The recently established Homeland Security structures and related security initiatives can also become important vehicles for this transformation.
Their greatest strength should not be in creating another layer of bureaucracy but in becoming a national platform for intelligence fusion, community engagement, critical infrastructure protection, and inter-agency coordination. Homeland Security must become the connecting tissue that links military operations, police investigations, intelligence gathering, border control, cyber security, and community-based vigilance mechanisms.
This is where the Tantita philosophy becomes particularly relevant.
Every region should be encouraged to develop security frameworks rooted in local realities while remaining under national oversight. What works in the creeks of the Niger Delta may not be identical to what works in the forests of Zamfara, the mountains of Borno, or the communities of the South-East. Yet the core principle remains the same: security is most effective when local populations become stakeholders rather than spectators.
However, there is one indispensable factor without which even the most innovative security architecture will struggle to succeed: intelligence.
No military campaign has ever been won solely through superior weapons or overwhelming force. The most successful security operations in history have been driven by superior intelligence. Information remains the first and most decisive weapon in any conflict. Criminals, insurgents, terrorists, kidnappers, oil thieves, and violent extremists survive not simply because they possess arms, but because they possess information—information about troop movements, operational plans, vulnerable communities, and, in some cases, weaknesses within the very institutions established to stop them.
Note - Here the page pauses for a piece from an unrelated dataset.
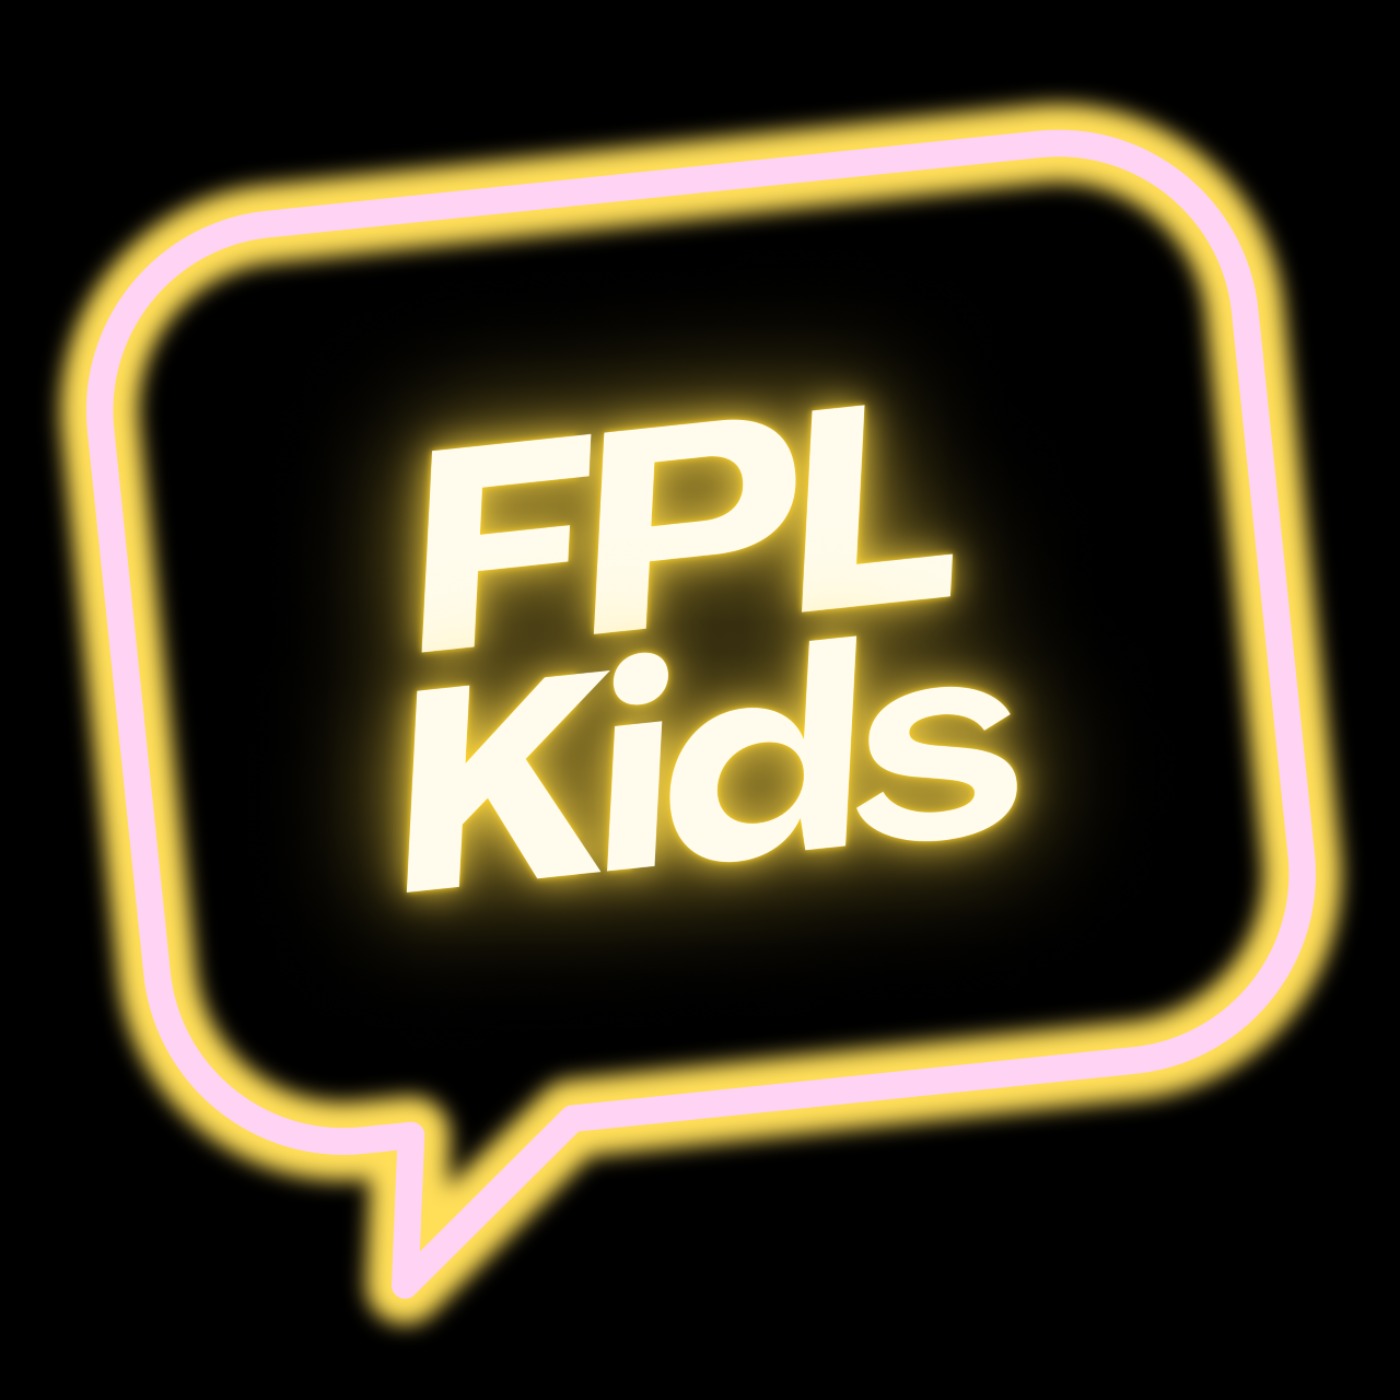 cover art for FPL Kids: Episode 84 ("And that's why I'm so happy")

For any national adaptation of the Tantita model to succeed, intelligence must be the foundation upon which every other component rests. The strategy must be intelligence-driven, intelligence-coordinated, and intelligence-protected. Communities must become active intelligence partners. Traditional rulers, religious leaders, youth groups, vigilante networks, and local stakeholders must be encouraged and empowered to provide timely and actionable information to security agencies.
The success of Tantita itself offers a lesson in this regard. The organisation’s effectiveness did not arise merely from patrols and surveillance assets. It emerged because local knowledge was transformed into actionable intelligence. People familiar with the terrain knew who was involved in crude oil theft, where illegal tapping points existed, how criminal networks operated, and who was protecting them. Intelligence became the force multiplier.
Yet, as Nigeria seeks to replicate such successes on a national scale, it must confront an uncomfortable reality. One of the greatest threats to security may not always be the criminal in the forest, the bandit on a motorcycle, or the terrorist hiding in a remote enclave. Sometimes, the threat may come from compromised elements within the system itself.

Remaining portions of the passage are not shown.